What do you think has been the biggest takeaway from your reporting on #MeToo?

I think for me, the biggest takeaway from listening to many different people talk about their experiences—men and women, I have to say—I’ve been reading the Pennsylvania report, and it’s just shocking reading, but also I think very important reading for anybody who wants to really understand what the victims’ experiences were like and how they behave. I think that for a long time we had this strange fantasy about what rape victims are and how they act after being raped and the ideal rape victim, or—I’m saying victim and I should say survivor, but back then we really considered them victims.

They had to be perfect, they had to be flawless, and the victim had to be someone who was not dressed provocatively, who has no sexual desire of her own, who immediately the second after the rape happened did everything right. She reported to the police, she did a rape kit, and immediately afterwards also did everything correctly when it came to him—in other words, never contacted him again, perfectly understood what had happened to her, classified it the way that she would forever understand it, and those things turn out not to be true.

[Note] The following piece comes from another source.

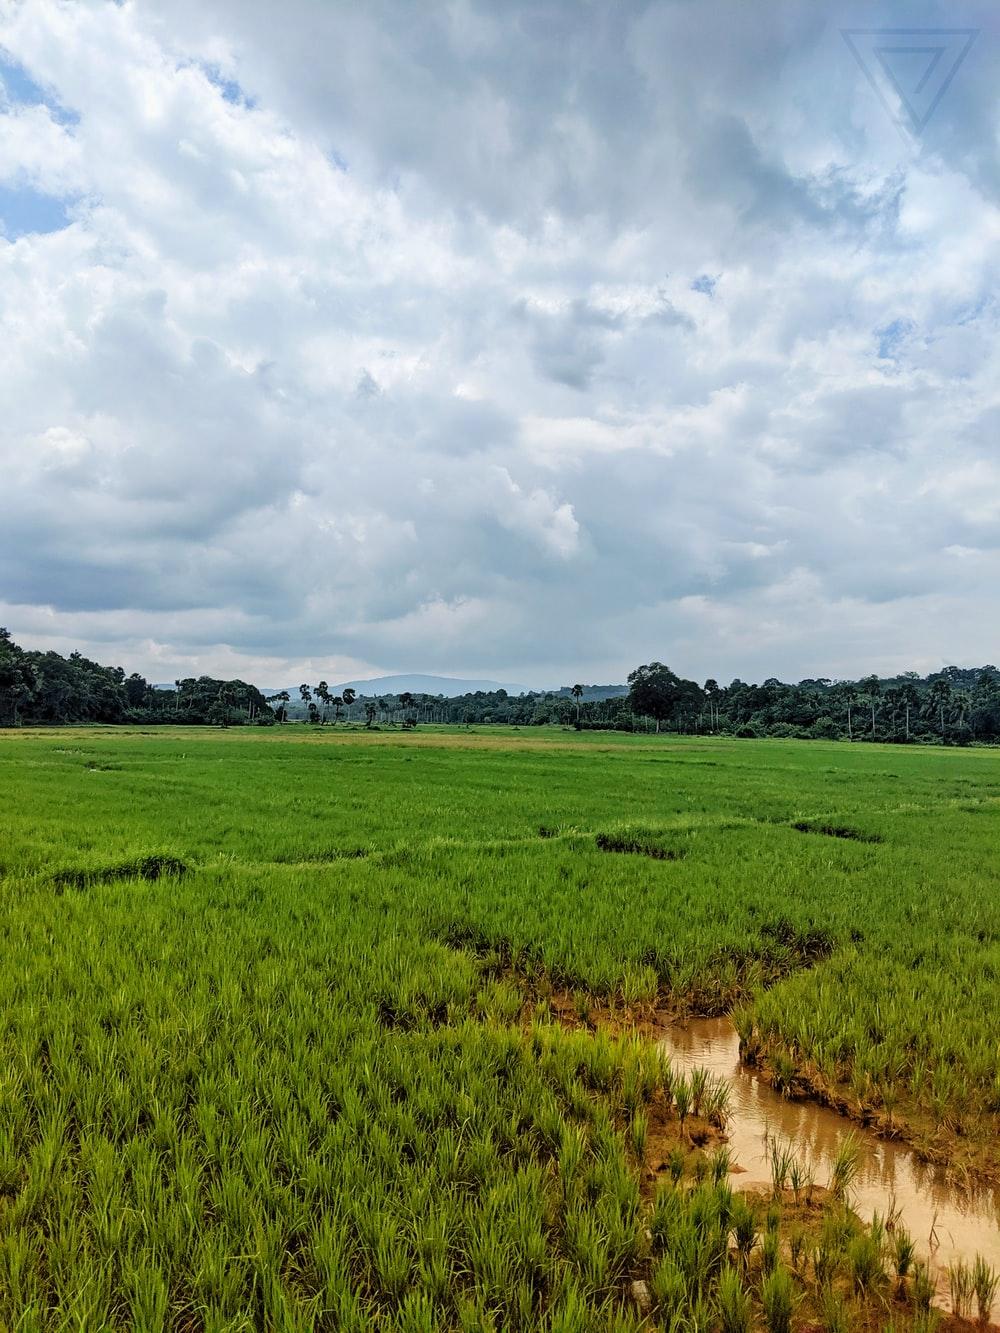 Paddy Field Picture. Download Free Image

It turns out the trauma is a lot more complicated and sexual trauma particularly so.

It turns out that a lot of people who have been victimized try to make it OK. I think that that’s the story that emerges over and over again—is sometimes people will consensually have sex with people who raped them because that will somehow erase what was done, make it seem like a situation that’s in their control. People will contact people who have raped them later, perhaps in a friendly tone. There are all kinds of strange ways that people cope with trauma, and because we had this narrative of the ideal victim, we had no textual body to sift through that could really educate us on how people respond to stuff like this.

This giant, I think, unmasking, where people feel free finally to come forward with their warts-and-all accounts of how these things happened, has been extraordinarily moving and touching, but also I think from a psychological education, as a psychological education, very valuable. I think we’re coming to understand a lot more about how we can solve or at least address some of these problems because we’re getting a much better and more complete understanding of how people work.

Yeah. So obviously it’s just really tough covering all these types of issues. Do you have any tricks or methods to sort of deal with this all, maybe escape?

I’ve been watching old British dramas a lot. The stakes are so low and so petty that it’s very comforting. I listen to Frasier at night for the same reason. There are no stakes and nothing matters. I don’t know honestly, I wouldn’t say that I do. Covering it is tough, and luckily that’s not my only beat.

There are other things that I write about and that’s useful, but it’s a lot harder to live it, and to be aware of so many people who are carrying around so much pain and whose belief in themselves has been so devastated by the kind of collateral damage to sexual harassment and sexual misconduct does, has been illuminating for me and very sad. I hate that people think that they were hired because of how they looked and not because they were talented or brilliant. I think that that stunts you and plays on your every insecurity. It just breaks my heart that there are so many people whose careers might have stalled out because of that.